Page MenuHomePhabricator

Search should not be case and accent sensitive
Closed, ResolvedPublic

Description

The classical way to find an article in a ZIM file is using findx() or findxByTitle(). Using them allows the developer to find all articles having an url/title starting with the given pattern (string).

Unfortunately, these searches are case and accent sensitive. The reason is that both search methods use alphabetically sorted lists (and a dichotomy) based respectively on articles urls and titles.

These searches should not be case and accent sensitive and results should include results also if the letters are uppercase or with accents.

To fix that problem:

  • Both titles and urls sorted lists should be computed on a "normalised" version of the url/title strings (ie. lowercased and without accents)
  • findx() or findxByTitle() should both normalized the search string pattern before any search

Remark:
Here the developer of the patch needs to be pretty careful with the collation, which is different from language to language.
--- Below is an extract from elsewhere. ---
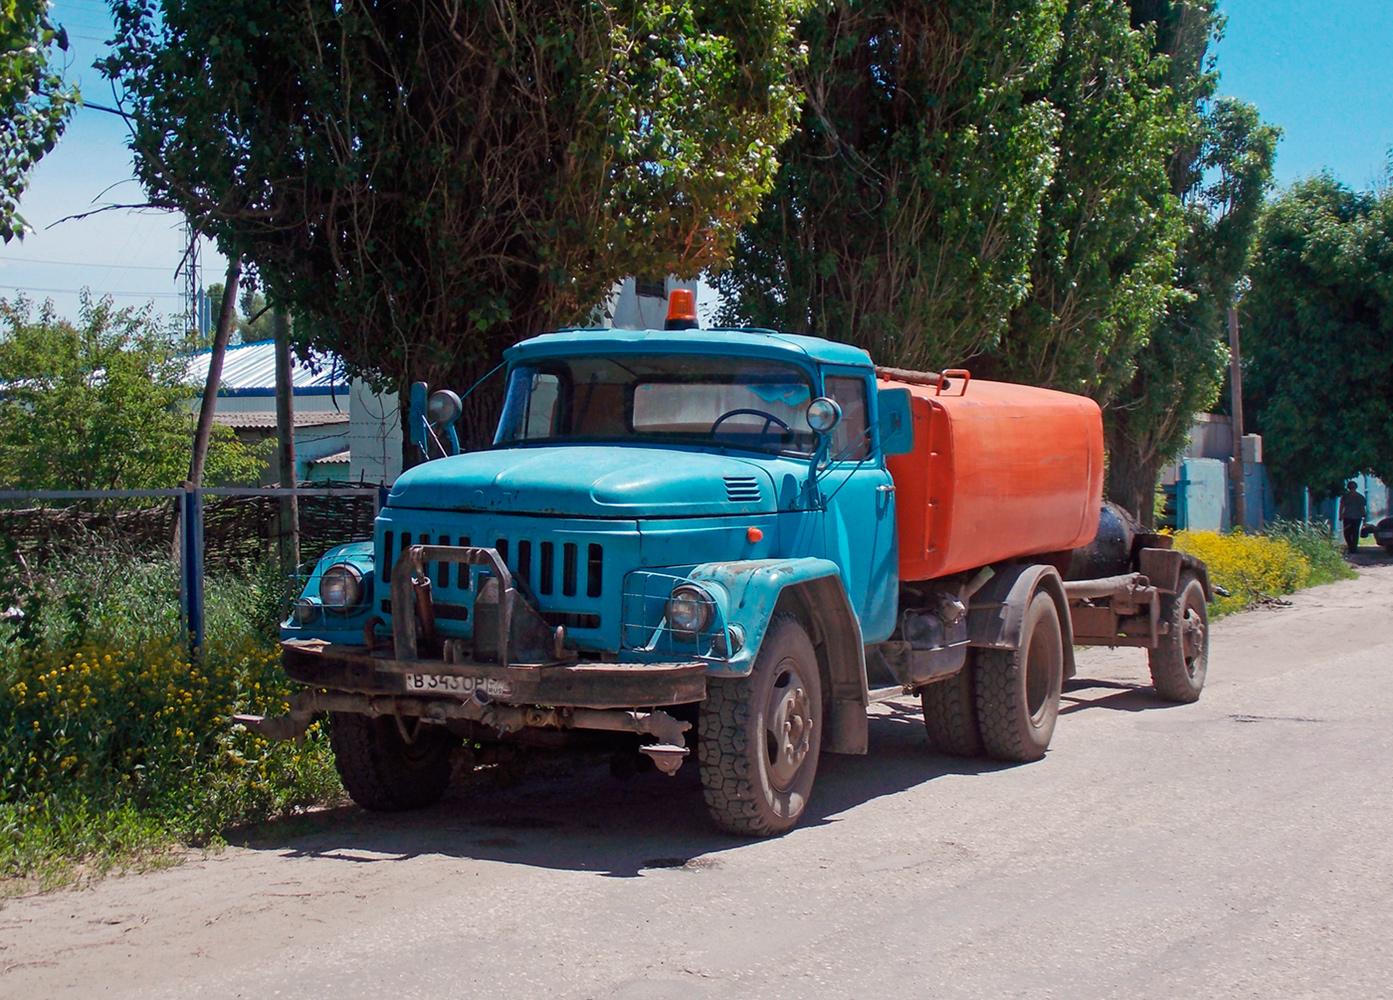 Поливомоечная машина на шасси ЗиЛ-431412 #В 343 ОР 34. Волгоградская область, Фролово, Народная улица

The usage of libicu seems mandatory.

Event Timeline

Kelson raised the priority of this task from to Medium.
Kelson updated the task description. (Show Details)
Kelson added a project: openZIM-zimlib.
Kelson subscribed.

An other solution, would be to fully rely on the fulltext indexed (powered by Xapian) which can meanwhile be merged within the ZIM file.

Kelson claimed this task.

This finally has been fixed by introducing Xapian to manage a list of title.